Of course, the Government has responded to the public outrage. One of
these responses includes Judge Philip Ransley’s Taskforce which
recommended far reaching reforms in the Kenya police and
Administration police.  Some of the reforms are constitutionalized.
Curriculum and training policy changes and extending training periods
for police recruits to 15 months and the cadets up to 21 months,
apparently are part of other reforms  aimed at making Kenya Police
world class, comparable only with the best, and satisfy deservingly
high expectations  and pride of the Kenyan people.

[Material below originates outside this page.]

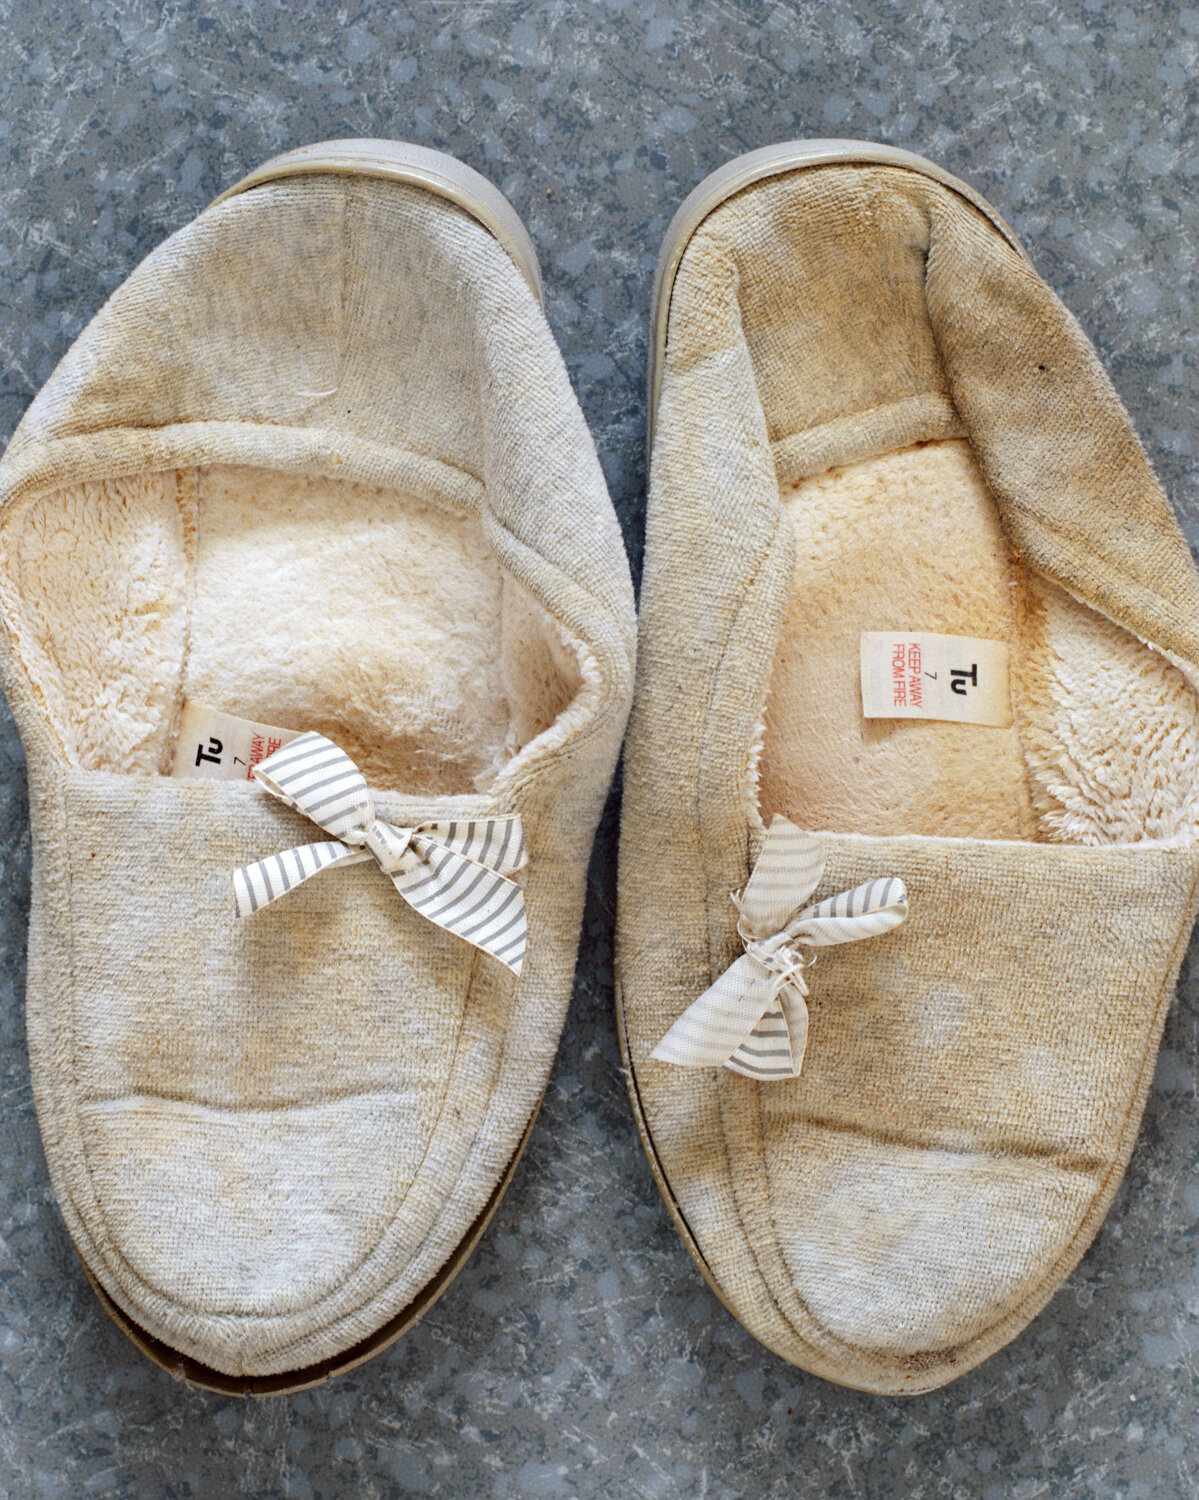 36) Nans Old Slippers.jpg

However, what is being discounted is that problems with our police are
not so much with training needs as it is with institutional
constraints. Police do not operate in vacuum. They are bound by
national laws, internal standard operating procedures and work in a
complex arena, with many budgetary resource limitations and social
systems of accountability.  These are the internal and external
institutional matrixes that have enabling and constraining effects on
the performance of the police.
When for instance, new young police officers who have just graduated
from the college after long, vigorous training, assume their duties,
they will be confronted by their superiors with a time tested, iron-
wall of service culture,” Forget about the academy and your
certificates. These are how things are done here”, attitude.  Through
both aggressive and subliminal socialization, within no time, the
young police officers will get reality check and melt into their new
environment.  That way, if we are not careful, all police reforms will
always remain “business as usual”, non-starter.

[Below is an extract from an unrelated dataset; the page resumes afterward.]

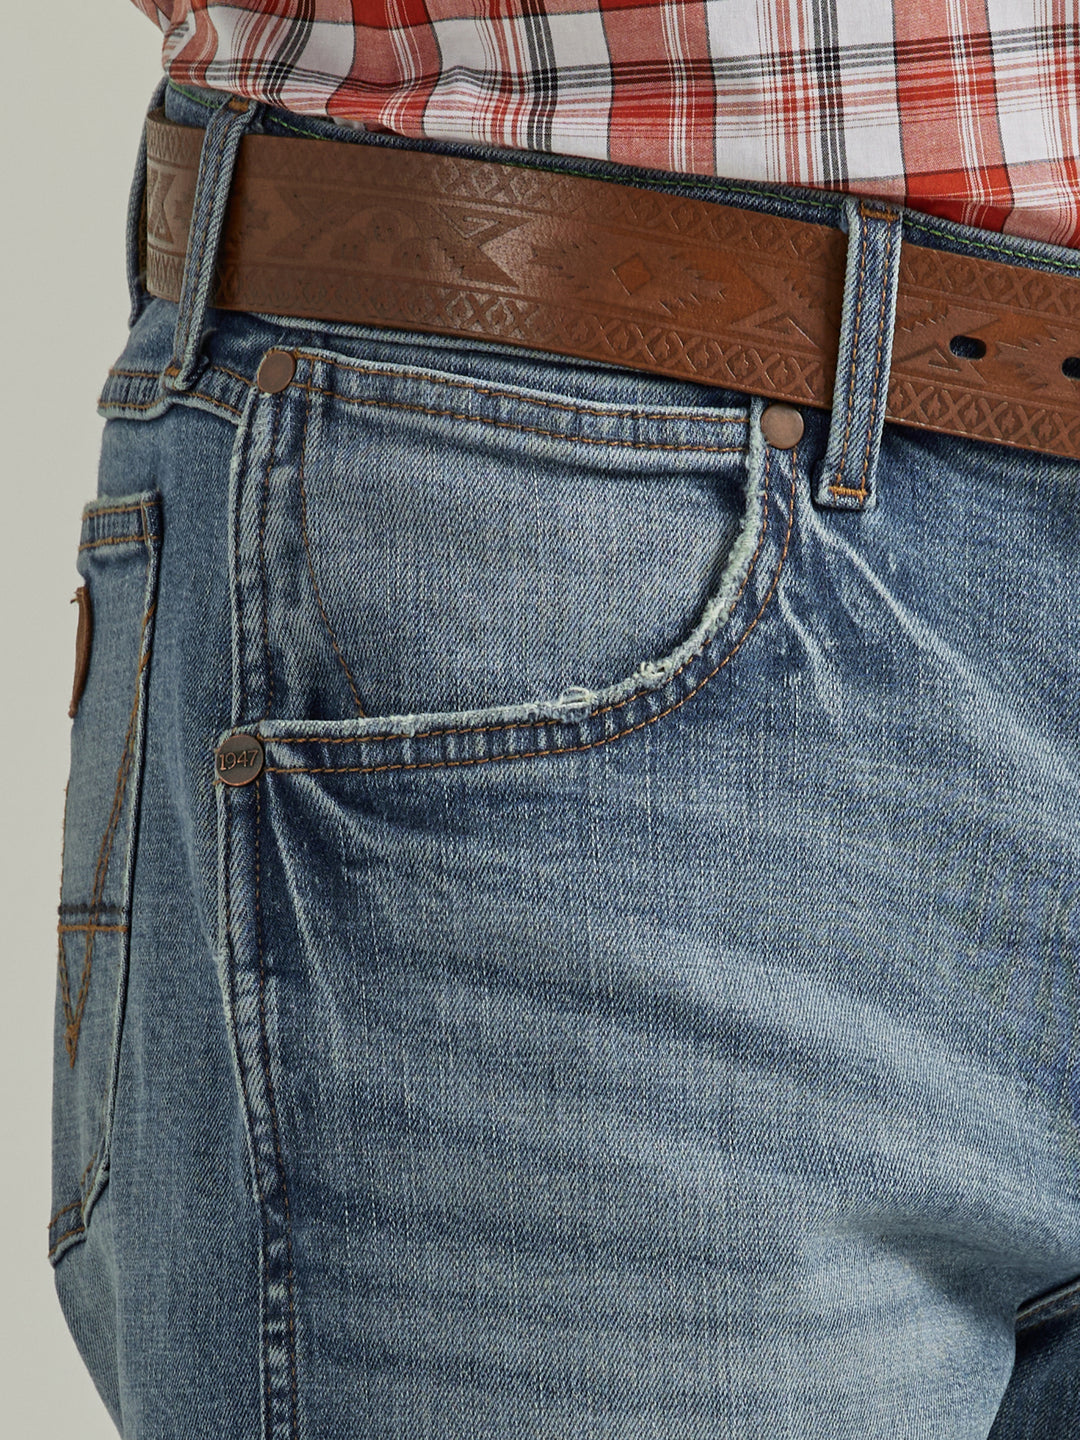 Wrangler Men's Retro Slim Straight Jean

Whereas the constitutional provisions of National Police Service and
National Police Service Commission will go along way redesigning and
re-branding the police service, we should be alert to the fact that
significant change will be bottom up, evolutionary, take time, five to
ten years to prove themselves and gain general acceptance.  The
challenges are how to overcome institutional barriers and align the
Kenya Police’s age old culture and its present reform strategies with
the demand and expectations of the public under the new constitution.
We only hope that those Kenyans who will assume the new offices in the
police service commission will be eager beavers, perspective thinkers,
who shall be equal to the tasks. Once started, the momentum of reform
must never be allowed to falter, even little.